DIRECTIONS:
From top to bottom, return the listing exactly as it appears, omitting its images.

MATERIAL PROVIDED:
===============
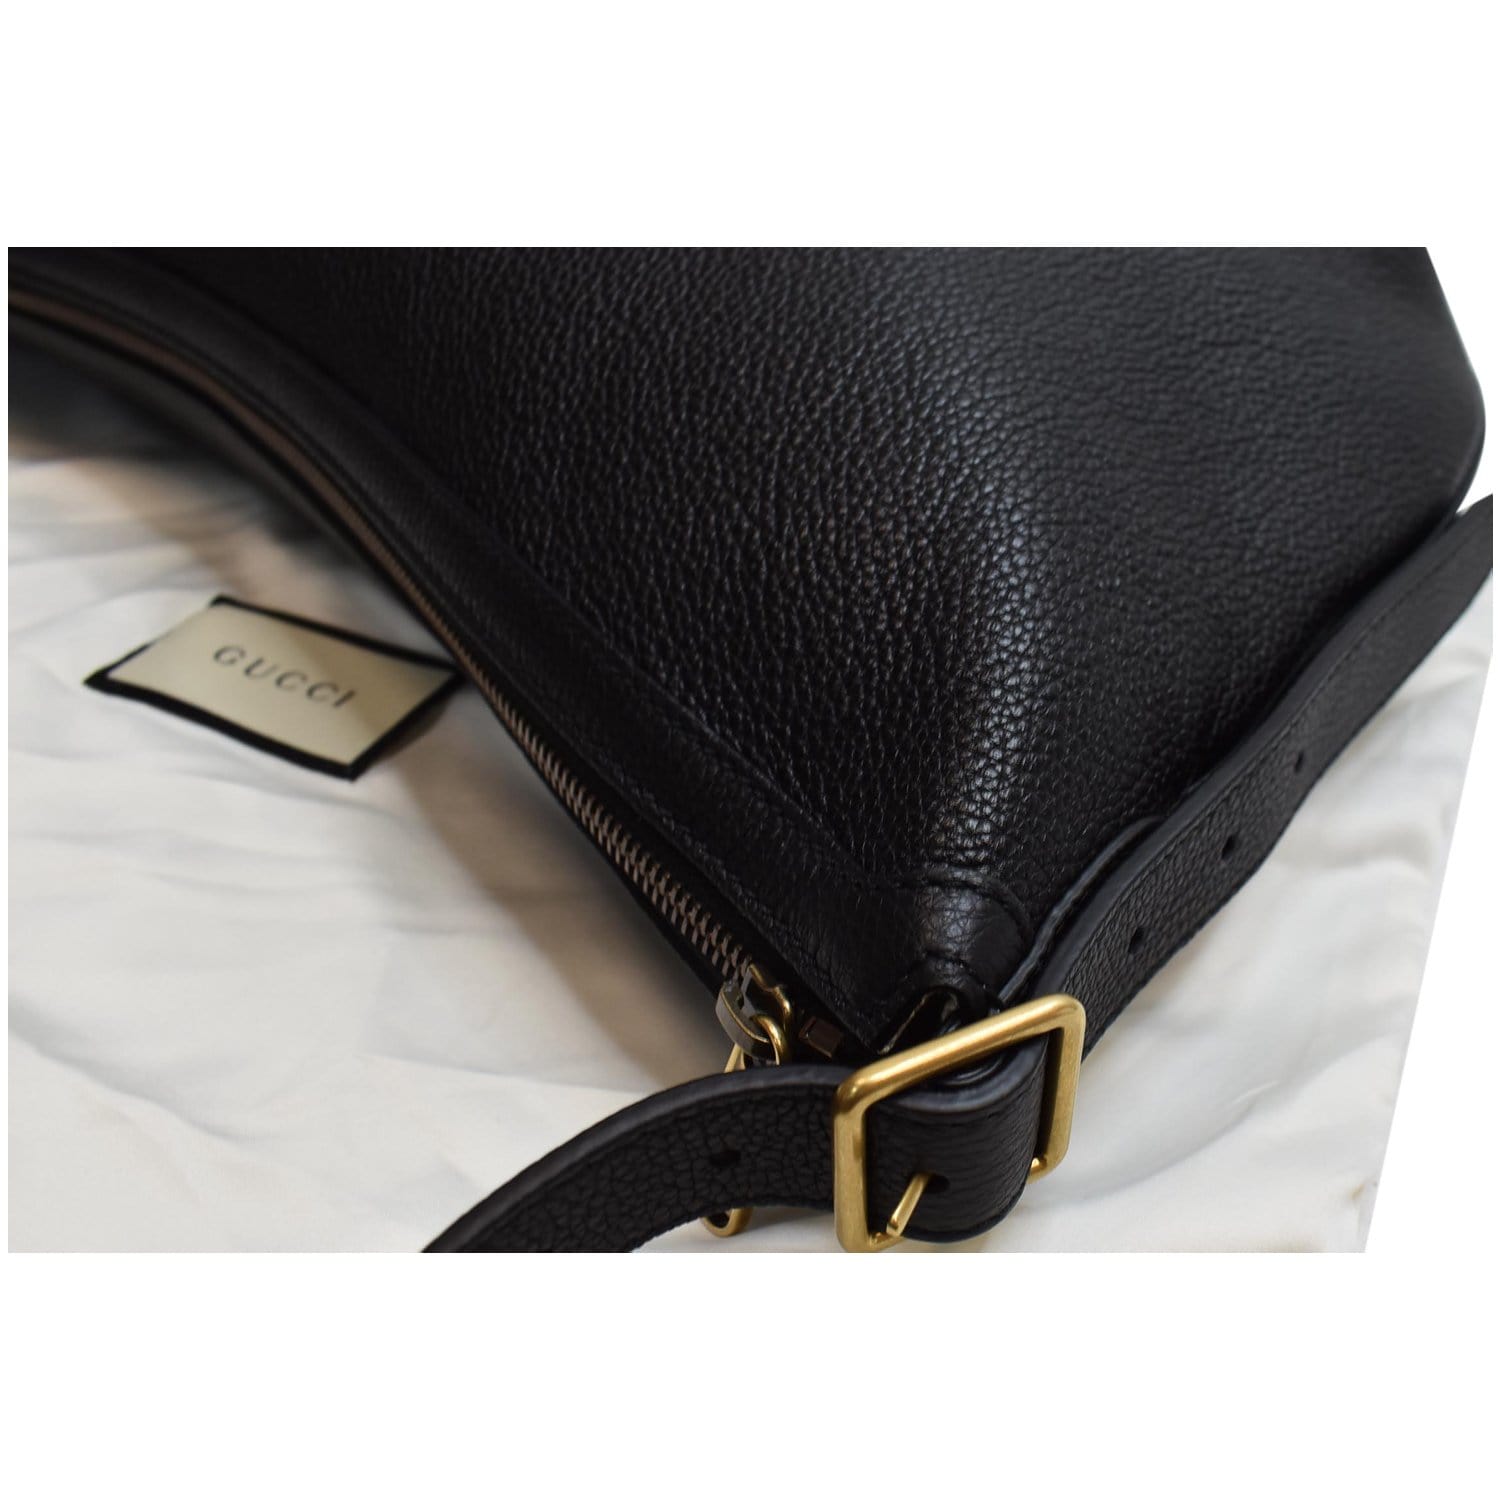 Gucci Half Moon Logo Calfskin Leather Hobo Shoulder Bag
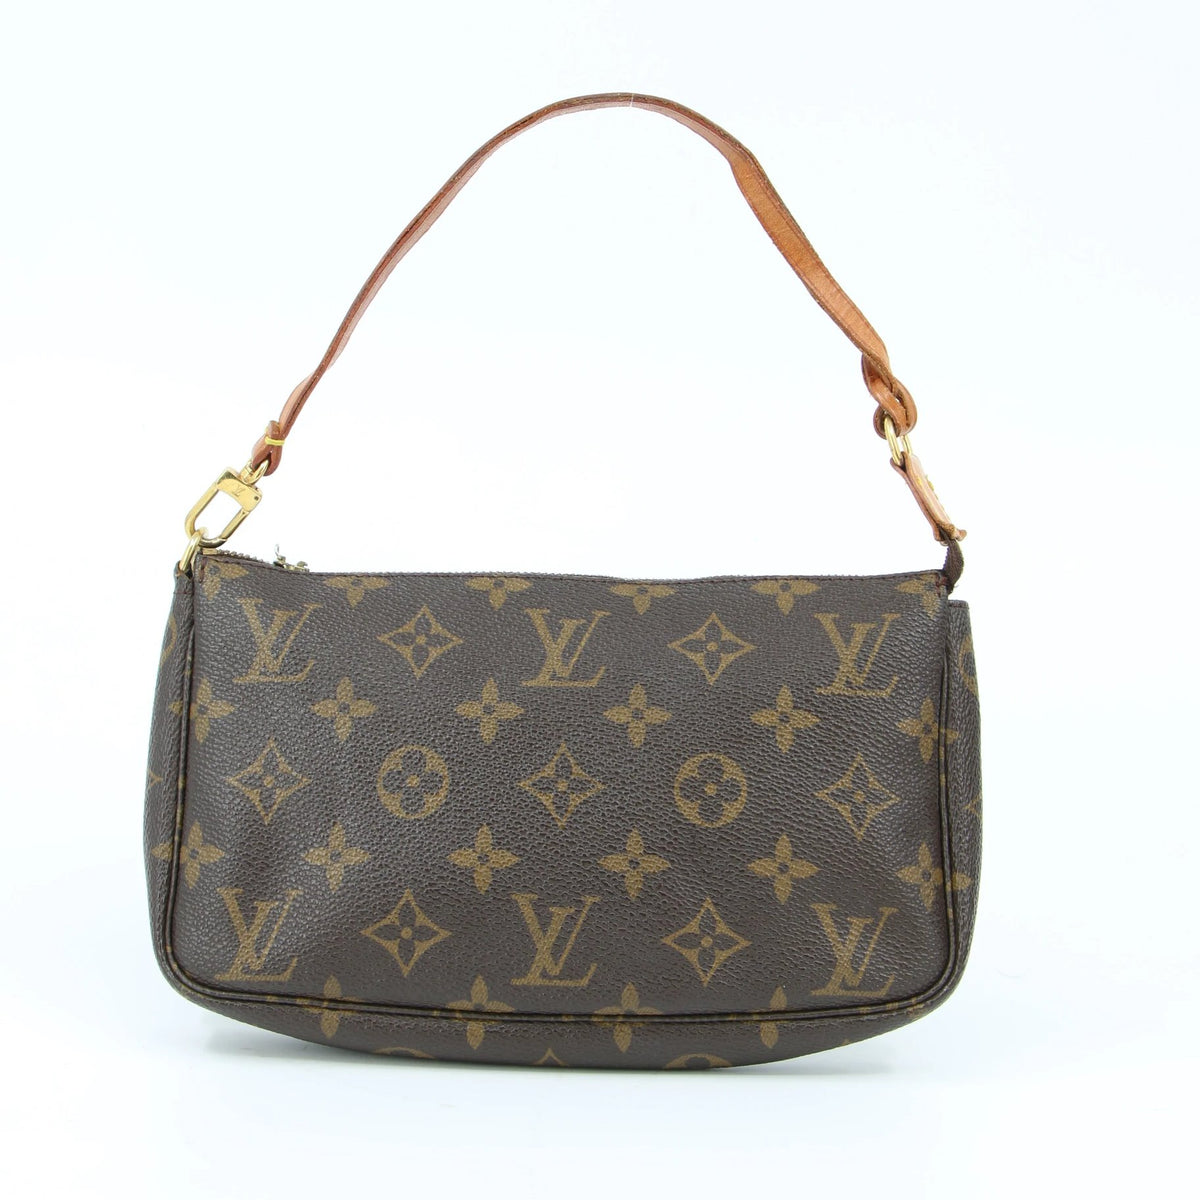 Vuitton tasker - Køb din næste Louis Vuitton taske hos Collector's Cage
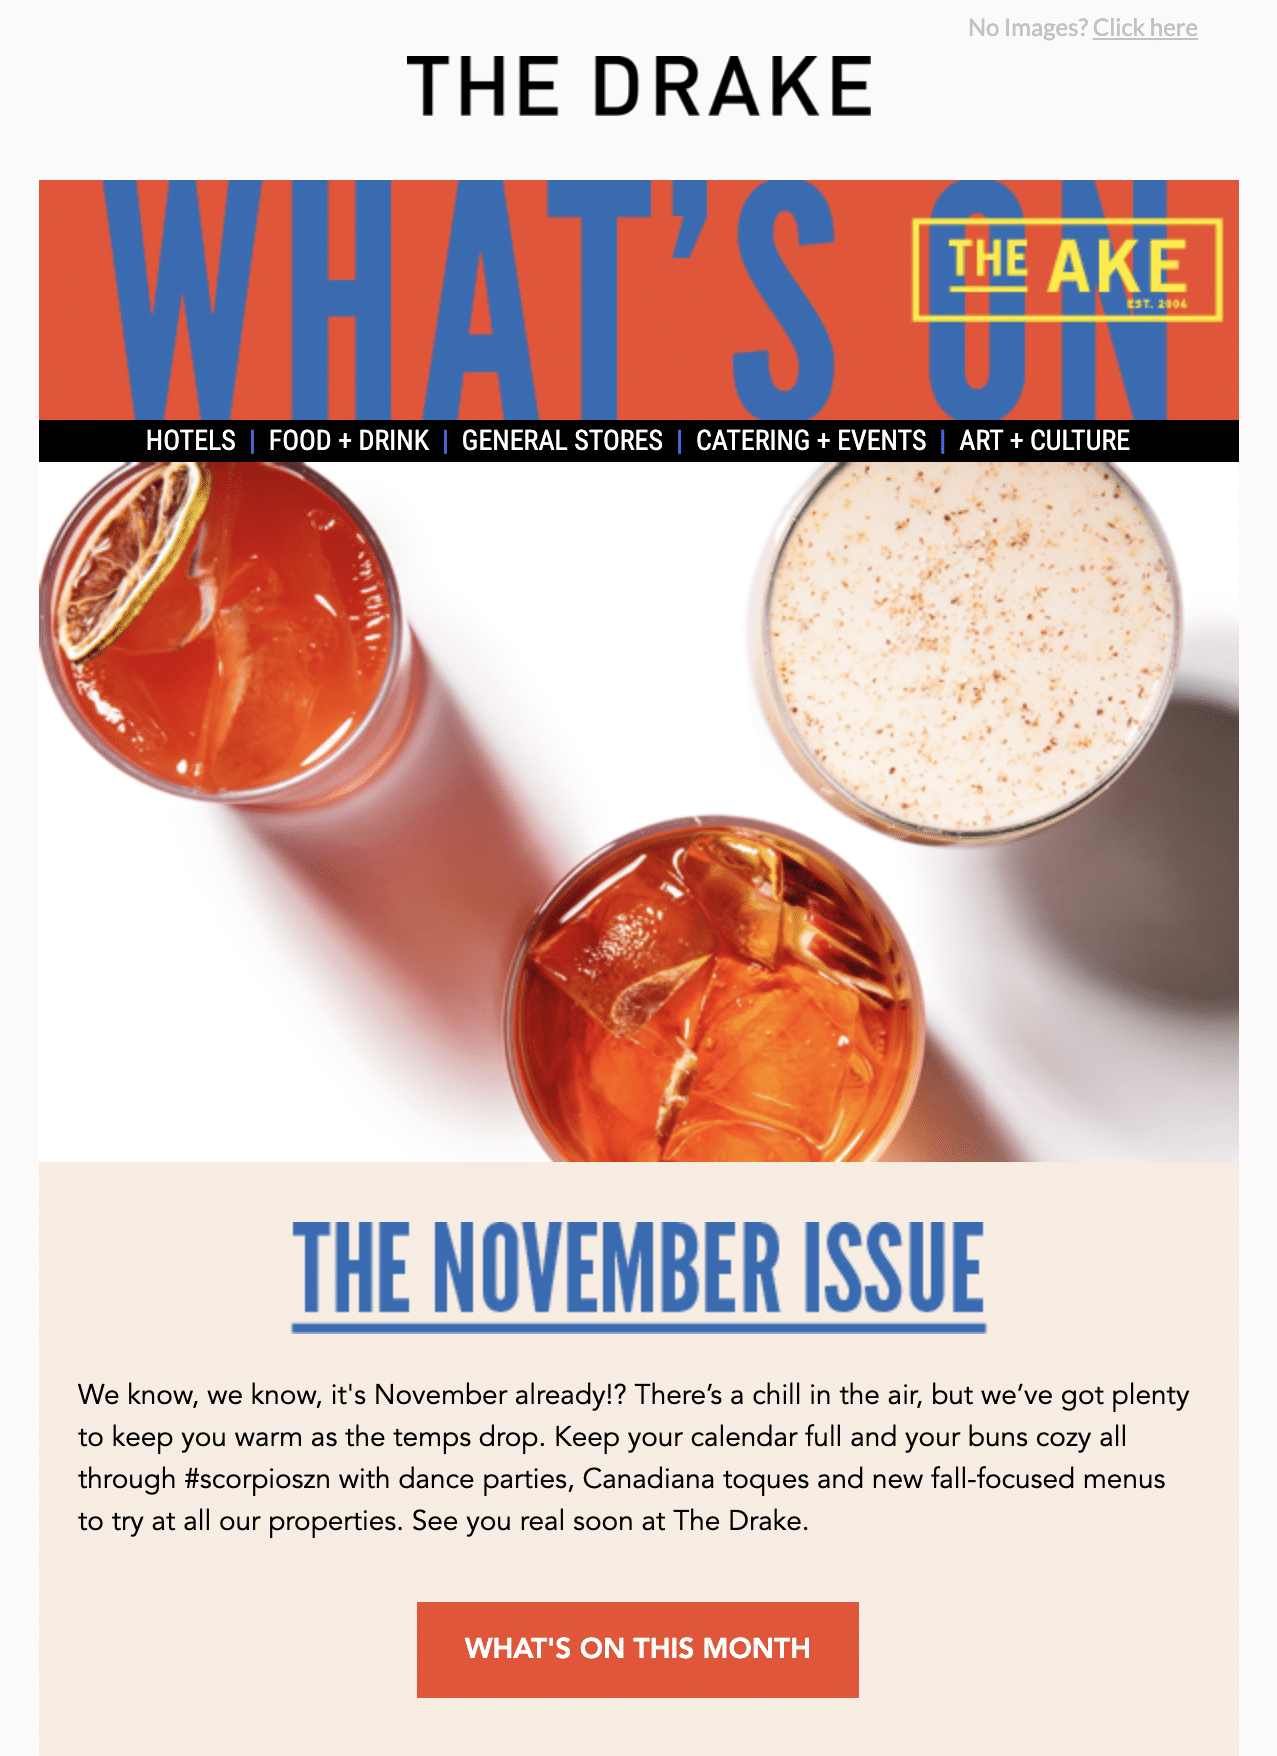 The Drake November newsletter
===============
ANSWER:
 Gucci Half Moon Logo Calfskin Leather Hobo Shoulder Bag
 Vuitton tasker - Køb din næste Louis Vuitton taske hos Collector's Cage
 The Drake November newsletter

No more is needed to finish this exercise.